There is a growing body of research focused on predicting driver’s behaviors during takeover situations and designing effective takeover alerts to support safe transitions of control (Blömacher et al., 2020; Liang et al., 2023; Park et al., 2022; Yun & Yang, 2020). To some extent, previous research shows that takeover requests can improve drivers’ vigilance and situational awareness (Merlhiot & Bueno, 2022). However, providing a takeover alert alone may be insufficient for helping drivers to successfully take over control of the vehicle because doing so does not help provide the driver with a good understanding of the road conditions nor how the vehicle might respond to obstacles in the environment.
As AVs and their associated technologies continue to become more intelligent, there is a long-term anticipation that, with the help of advanced sensing techniques, AVs will become capable of (1) self-assessing their ability to handle challenging situations, and (2) displaying this information to drivers to help them determine whether and when to intervene the AVs. For example, if a vehicle encounters an obstacle ¼ miles ahead, it may provide information regarding how confident it is in being able to successfully avoid the obstacle.

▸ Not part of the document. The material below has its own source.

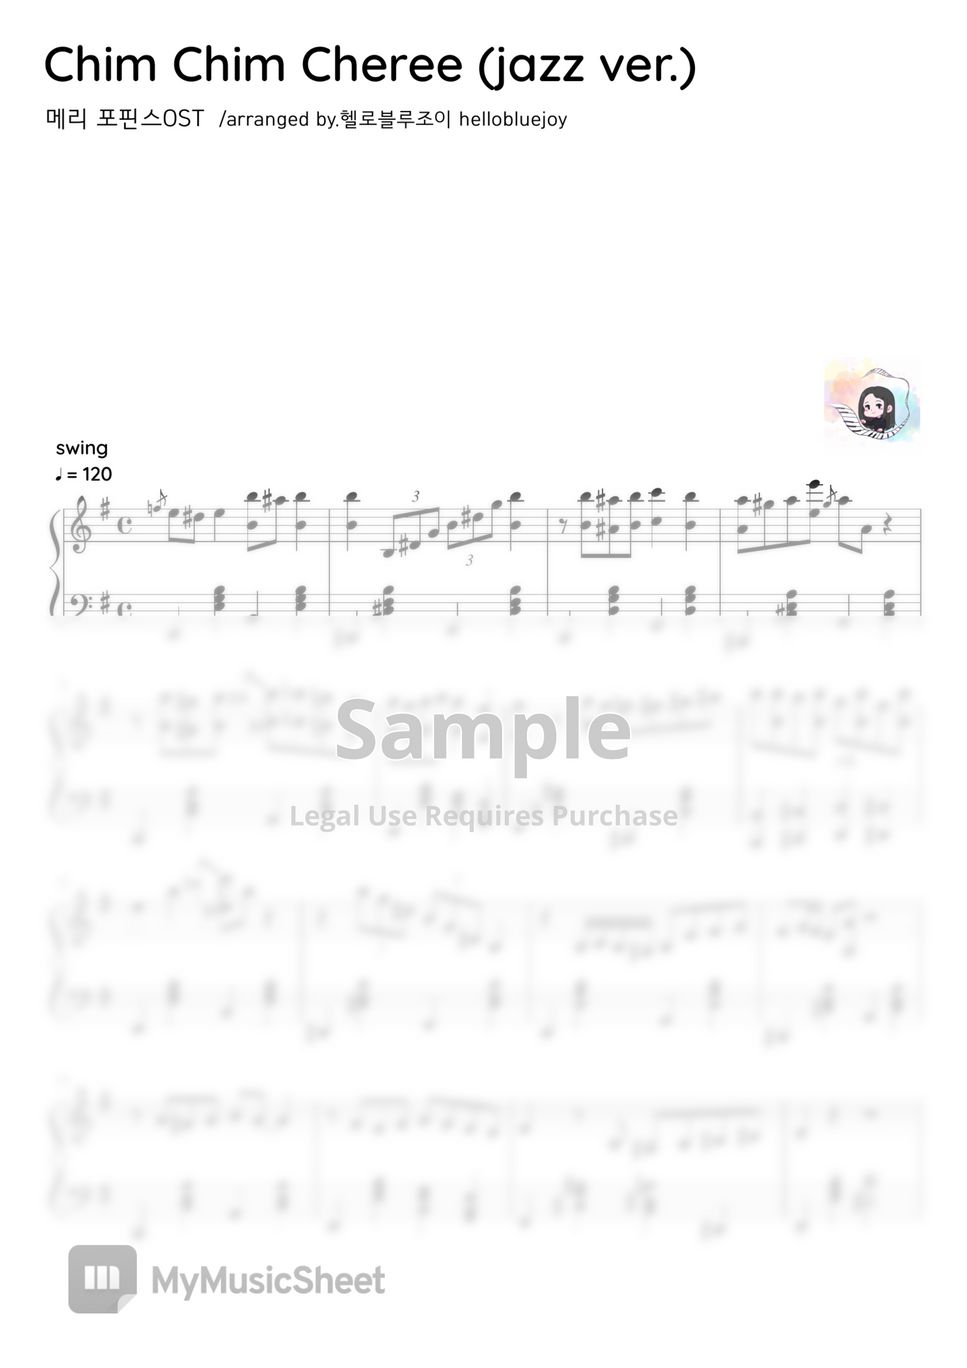 Mary Poppins OST - Chim Chim Cheree (jazz solo ver.) by hellobluejoy

This confidence information could be displayed to the driver in different ways, for example, using numeric values and/or graphical bars, that leverage knowledge of data visualization and display design.
Thus, one fundamental research question that must be addressed in order to support drivers’ decision-making in this context is how to effectively communicate confidence information to drivers. Recent work in AV settings has used confidence gauges or colored bars to show vehicle’s capabilities in avoiding a roadway obstacle (Doula et al., 2023; Peintner et al., 2022; Tijerina et al., 2016). For example, Doula et al. (2023) examined how visualizations on the windshield, which displayed uncertainty of paths, situations, and waypoints, affected driver’s engagement in driving. They found the absence of uncertainty visualizations led to a lower likelihood of driver’s takeover control of the AVs. In a different study, Peintner et al. (2022) compared the influence of different types of confidence represented using human-machine interfaces (HMIs) (i.e., text, bars, and percentages) on driver’s decision-making in risk situations, such as pedestrians crossing the street. The results revealed that the text HMI was associated with the highest trust, usability, and acceptance of the AV. Furthermore, Tijerina et al. (2016) explored how confidence notifications using green (i.e., certainty) and yellow (i.e., uncertainty) representations impacted drivers’ response to sudden, unscheduled takeover requests. They found this information to be useful and acceptable in terms of helping drivers to make takeover decisions.
Other studies have found that providing information of uncertainty or confidence regarding an automated vehicle’s capability can increase the time to collision and improve situation awareness in cases of automation failure (Beller et al., 2013; Helldin et al., 2013). However, most previous studies (Doula et al., 2023; Peintner et al., 2022; Tijerina et al., 2016) expected participants to make specific actions (e.g., taking over or avoiding a collision) based on controlled variables (e.g., numerical values of a confidence gauge) or presupposed that a vehicle’s reliability directly corresponded to the value displayed on the confidence information.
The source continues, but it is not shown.